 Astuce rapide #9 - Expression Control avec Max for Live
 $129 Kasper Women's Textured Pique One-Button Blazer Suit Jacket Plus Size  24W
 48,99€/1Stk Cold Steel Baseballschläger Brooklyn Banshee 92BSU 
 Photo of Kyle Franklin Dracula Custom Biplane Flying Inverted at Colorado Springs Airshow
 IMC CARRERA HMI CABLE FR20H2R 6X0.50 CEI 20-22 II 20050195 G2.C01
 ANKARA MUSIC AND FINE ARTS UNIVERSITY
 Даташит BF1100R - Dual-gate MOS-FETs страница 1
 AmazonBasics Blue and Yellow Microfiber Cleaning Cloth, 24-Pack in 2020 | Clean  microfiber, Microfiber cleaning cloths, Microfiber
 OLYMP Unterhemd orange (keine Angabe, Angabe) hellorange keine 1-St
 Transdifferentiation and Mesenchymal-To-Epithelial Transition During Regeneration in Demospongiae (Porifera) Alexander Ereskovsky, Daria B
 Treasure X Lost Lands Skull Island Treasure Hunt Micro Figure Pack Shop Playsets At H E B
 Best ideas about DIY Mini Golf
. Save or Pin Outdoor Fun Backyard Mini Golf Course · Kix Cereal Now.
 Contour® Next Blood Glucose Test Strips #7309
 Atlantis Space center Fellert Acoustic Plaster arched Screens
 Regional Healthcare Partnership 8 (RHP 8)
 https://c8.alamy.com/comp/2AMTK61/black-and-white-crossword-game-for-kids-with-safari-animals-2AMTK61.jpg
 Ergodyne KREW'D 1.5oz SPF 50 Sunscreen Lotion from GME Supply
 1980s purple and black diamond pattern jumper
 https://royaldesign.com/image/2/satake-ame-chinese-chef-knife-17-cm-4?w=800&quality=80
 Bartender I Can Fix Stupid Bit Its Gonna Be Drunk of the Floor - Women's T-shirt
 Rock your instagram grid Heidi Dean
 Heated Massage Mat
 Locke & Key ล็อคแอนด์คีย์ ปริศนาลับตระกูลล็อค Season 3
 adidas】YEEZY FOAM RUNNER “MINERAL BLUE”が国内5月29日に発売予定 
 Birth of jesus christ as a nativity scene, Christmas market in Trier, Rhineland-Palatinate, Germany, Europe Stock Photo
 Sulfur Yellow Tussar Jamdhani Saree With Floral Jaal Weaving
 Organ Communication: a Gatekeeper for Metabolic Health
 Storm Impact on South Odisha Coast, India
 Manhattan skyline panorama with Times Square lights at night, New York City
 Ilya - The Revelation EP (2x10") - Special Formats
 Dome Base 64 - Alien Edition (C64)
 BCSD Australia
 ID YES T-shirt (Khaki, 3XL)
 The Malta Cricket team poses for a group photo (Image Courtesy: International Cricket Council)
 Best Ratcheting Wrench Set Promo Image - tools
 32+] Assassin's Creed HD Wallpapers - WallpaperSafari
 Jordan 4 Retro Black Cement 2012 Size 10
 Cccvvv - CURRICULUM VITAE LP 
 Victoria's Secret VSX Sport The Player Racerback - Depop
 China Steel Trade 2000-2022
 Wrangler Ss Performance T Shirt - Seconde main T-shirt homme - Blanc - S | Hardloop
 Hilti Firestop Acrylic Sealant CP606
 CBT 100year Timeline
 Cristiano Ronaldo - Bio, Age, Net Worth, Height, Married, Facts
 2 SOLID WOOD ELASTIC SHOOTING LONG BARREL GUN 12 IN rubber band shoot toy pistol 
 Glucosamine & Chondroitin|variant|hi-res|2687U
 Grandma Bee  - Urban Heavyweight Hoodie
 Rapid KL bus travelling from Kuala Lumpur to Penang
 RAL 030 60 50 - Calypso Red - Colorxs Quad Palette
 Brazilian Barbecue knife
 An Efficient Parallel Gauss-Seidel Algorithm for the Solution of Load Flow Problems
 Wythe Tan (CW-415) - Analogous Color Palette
──────────
Task to carry out: Find out how many lines in the data above hold the word "shirt". Write only the number.

Exercise solution: 3